History Re-imagined: 5 Alternative Versions of the USA’s Most Iconic Building
In 1792 James Hoban won the world’s most prestigious design contest. The prize was to design the USA’s new center of power in Washington – a building that would later become known as the White House.
This one event secured Hoban’s place in the history books. But what happened to the other designers, and what would today’s White House look like if the judges had picked another winner? HouseFresh decided to find out. Using design ideas from the architects who didn’t make the final cut, HouseFresh’s own creatives put together five alternative versions of the White House.

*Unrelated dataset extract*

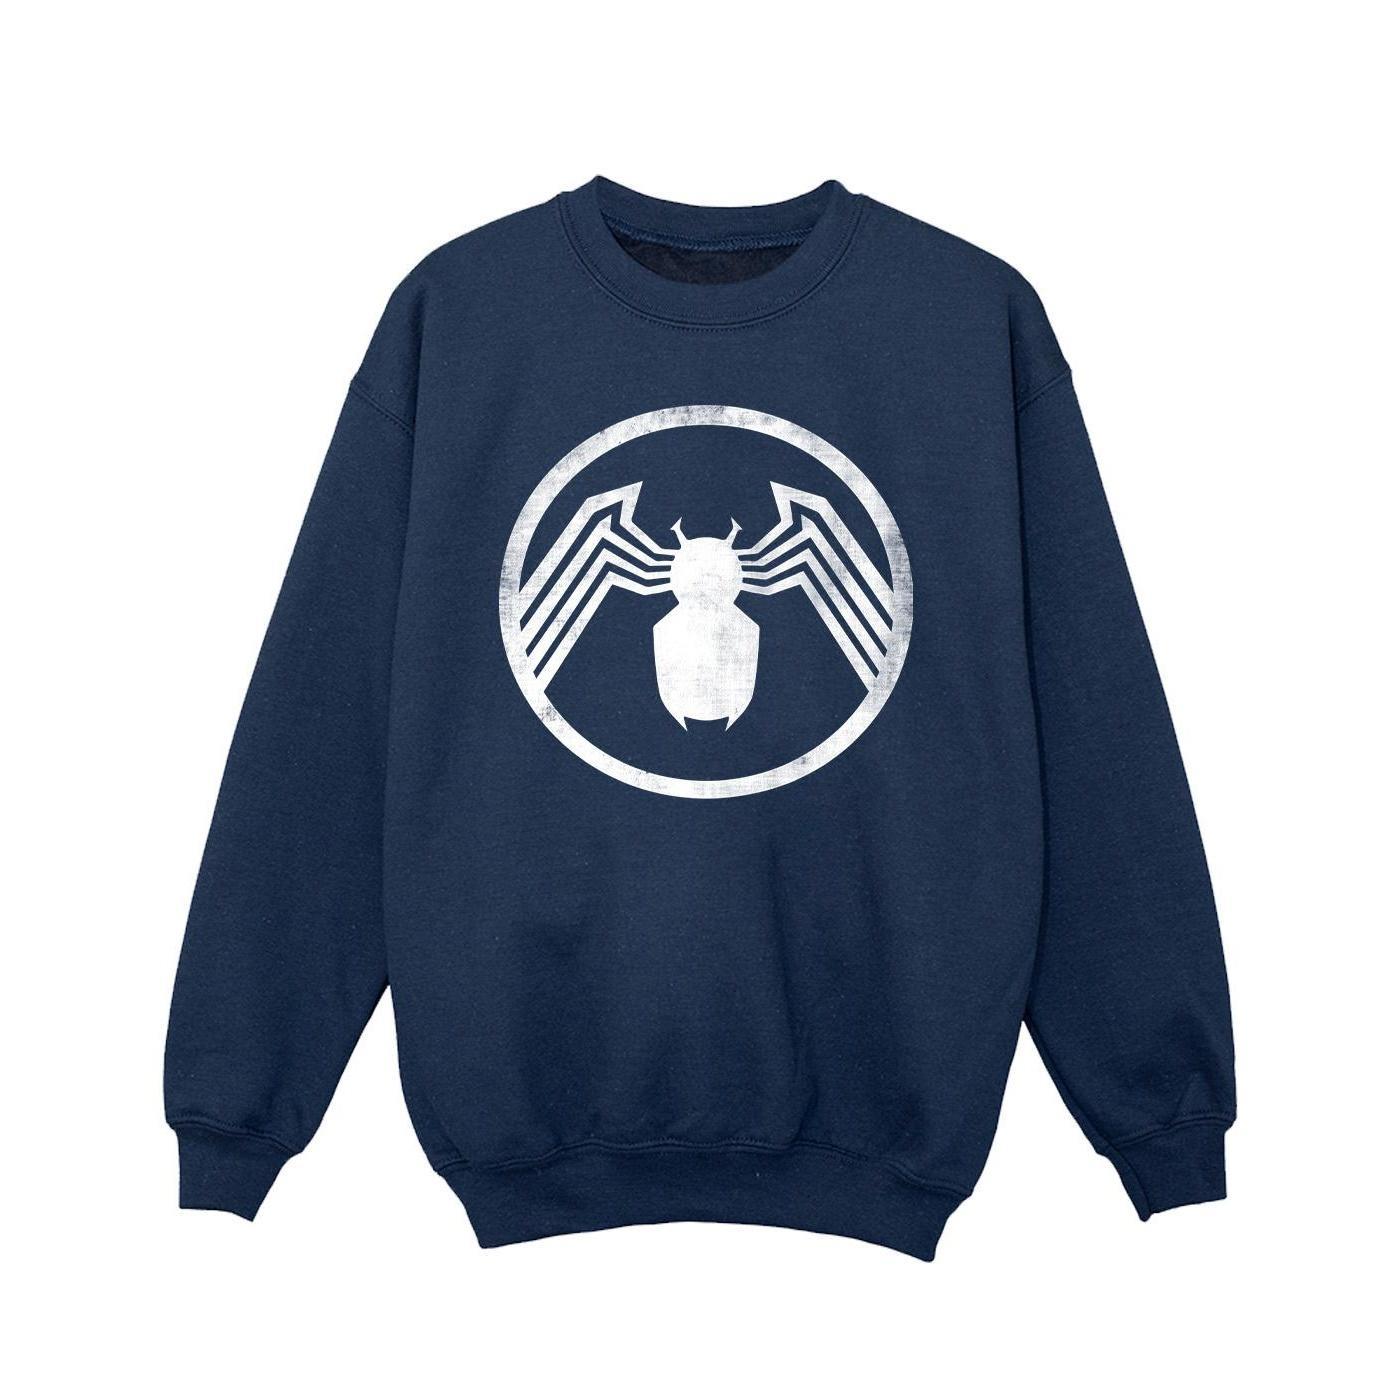 Marvel Girls Venom Logo Emblem Sweatshirt (Navy Blue) (5-6 Years)

Here’s a look at what they came up with.
Thomas Jefferson’s White House
The judges rejected Thomas Jefferson’s anonymous entry. So when he became US President in 1801, Jefferson made the executive decision to refurbish the White House. Jefferson added towering colonnades and many of the other architectural features we associate with that big house at 1600 Pennsylvania Avenue. If Jefferson had never won his first term, today’s White House would look completely different.
Philip Hart’s big plans
Philip Hart had big plans for the White House. But they never came true. According to the judge’s, Hart’s designs lacked the size, form, and elegance to look beyond the present day. Instead, Hart submitted a rather flat (and some would say boring) Edwardian style design that would have dated quickly.

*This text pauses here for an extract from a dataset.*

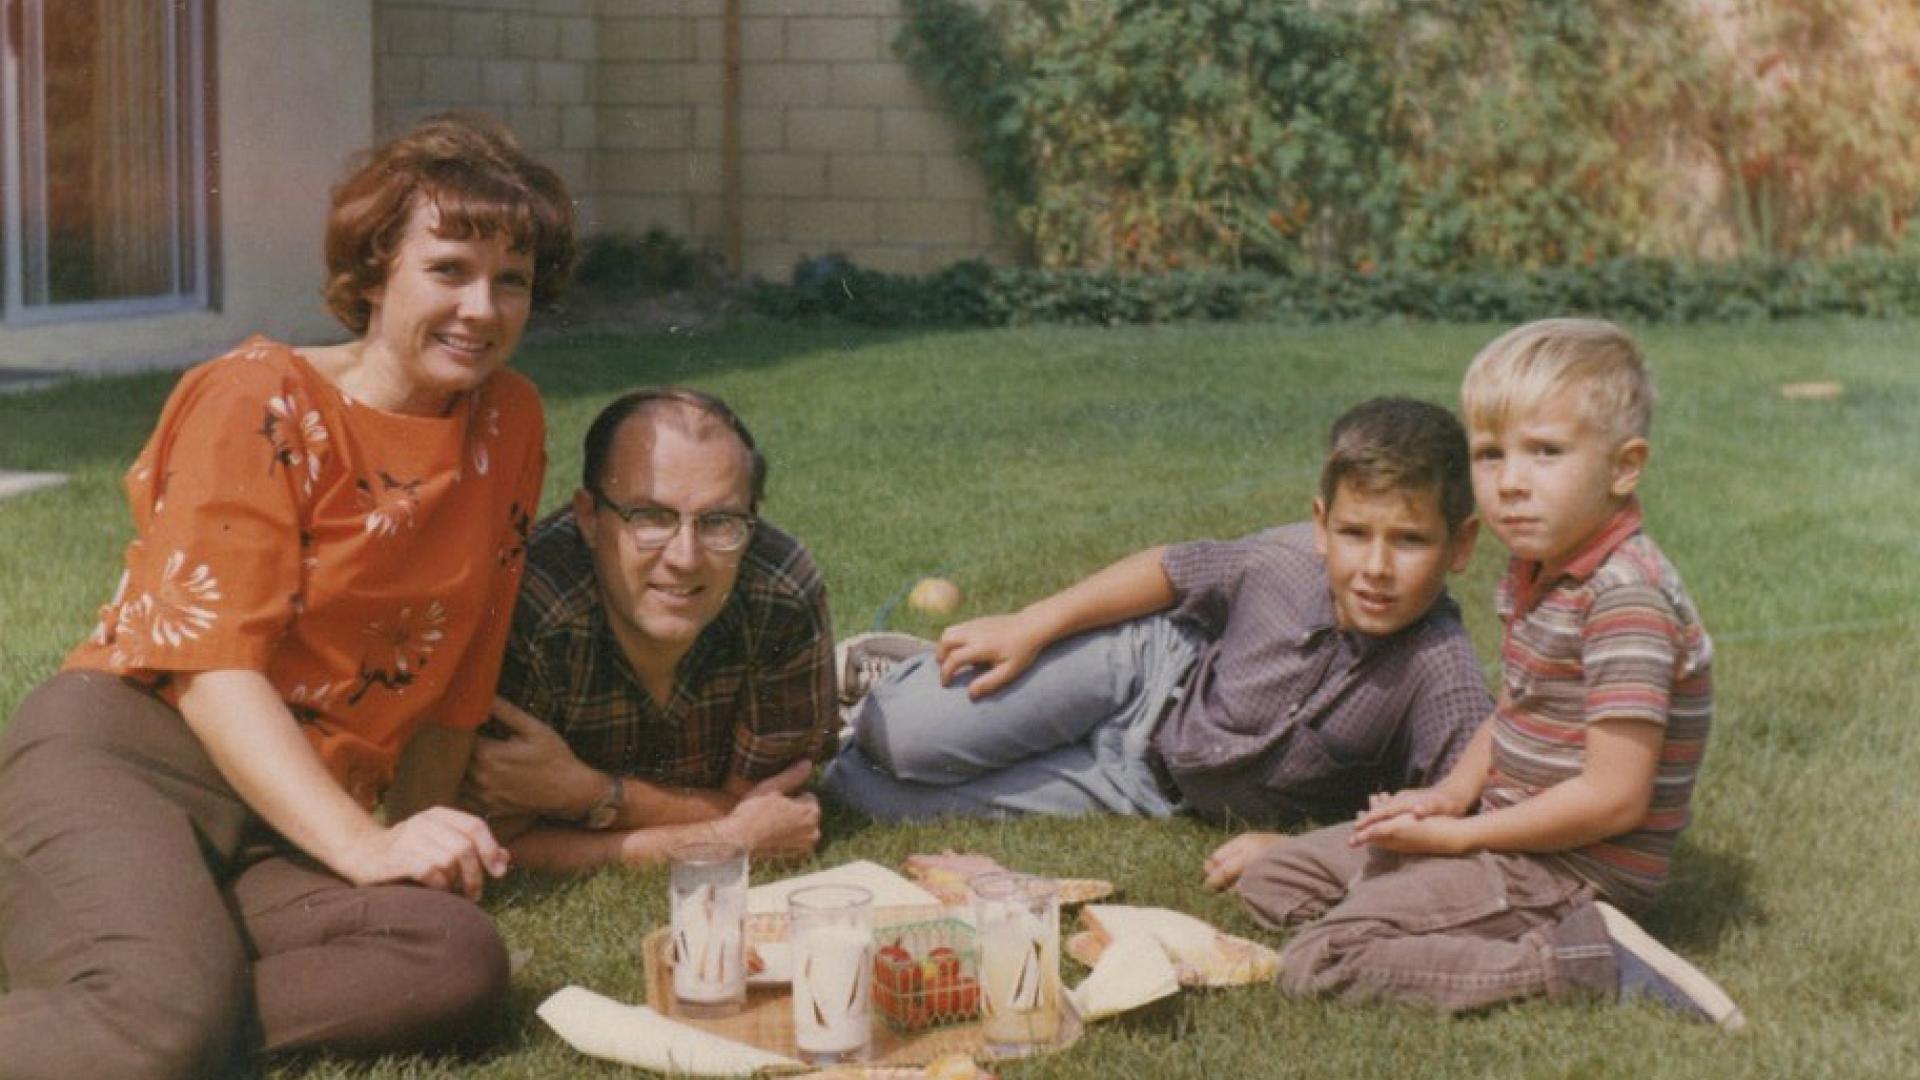 David Carlberg with his family

Andrew Mayfield Carshore’s designs
Andrew Mayfield Carshore’s sketches took inspiration from the simple but elegant pre-revolutionary war style. Think tall, Georgian houses mixed with a dash of neo-classicalism. But the judges were less than impressed, stating that the proposed plans lacked the ‘requisite spark of imagination.’ Carshore didn’t take the rejection well. In fact, he didn’t design another building for the rest of his life.
Jacob Small’s designs
Jacob Small submitted four designs into the 1792 contest. The judges rejected all of them. Small based his versions of the White House on Mount Vernon, George Washington’s plantation estate house, and the Maryland State House in Annapolis. But Small’s lack of originality wasn’t the only thing that put off the judges. They thought Small’s maze-like interiors would have been awkward and confusing for White House staff to navigate. But Small does have one claim to fame. He designed the B&O Ellicott City Station in Baltimore. It’s the oldest working railway station in the United States.

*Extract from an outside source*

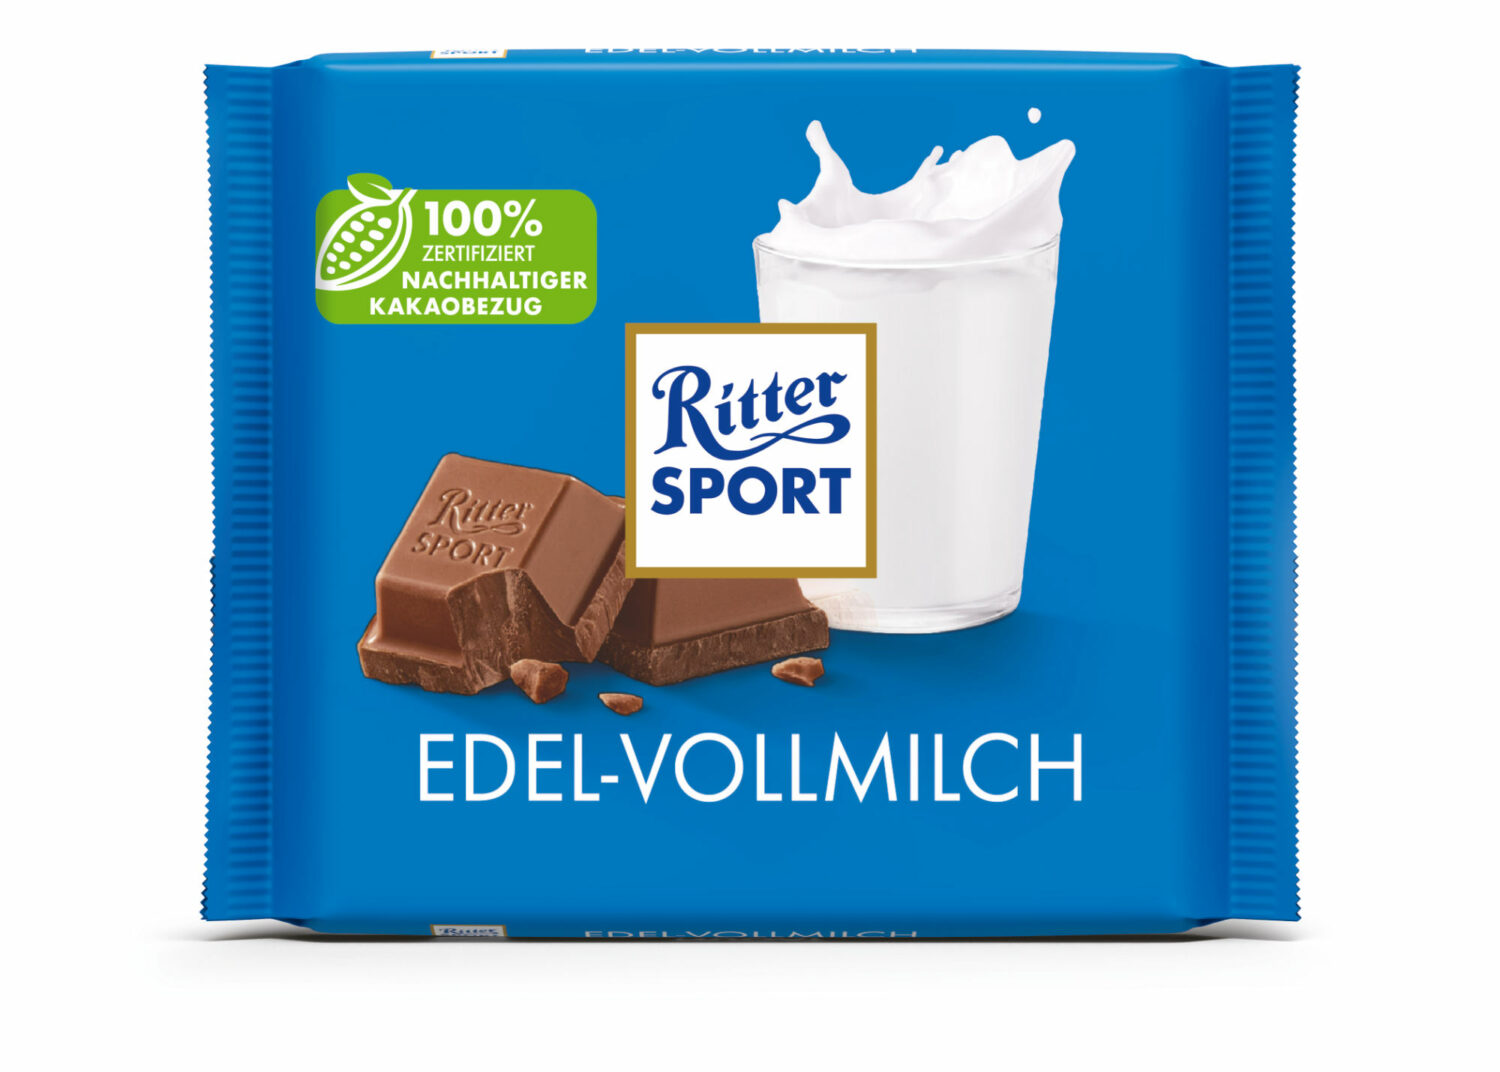 Ritter Sport Edel-Vollmilch (2022)

James Diamond’s White House
Like millions of others, James Diamond left Ireland to build a better life in the United States of America. Within a few years of arriving at Plymouth Rock, Diamond owned his own construction and design company. Diamond credited the land of opportunity with much of his success and wanted to repay his new homeland by designing its center of power. Diamond’s magisterial plans included sophisticated design elements like ionic columns and ornate window frames. He set the White House around an open courtyard to create what Diamond described as a ‘grand effect.’ But all this sounded a little too ostentatious for George Washington’s taste.
The White House judges turned James Hoban into a name that will live forever and relegated many more into the dustbin of history. The best-selling author Norman Vincent Peale summed up these quirks of history best. “A life and career turn on tiny hinges,” said Peale. “It’s the small matters and decisions that define destiny.”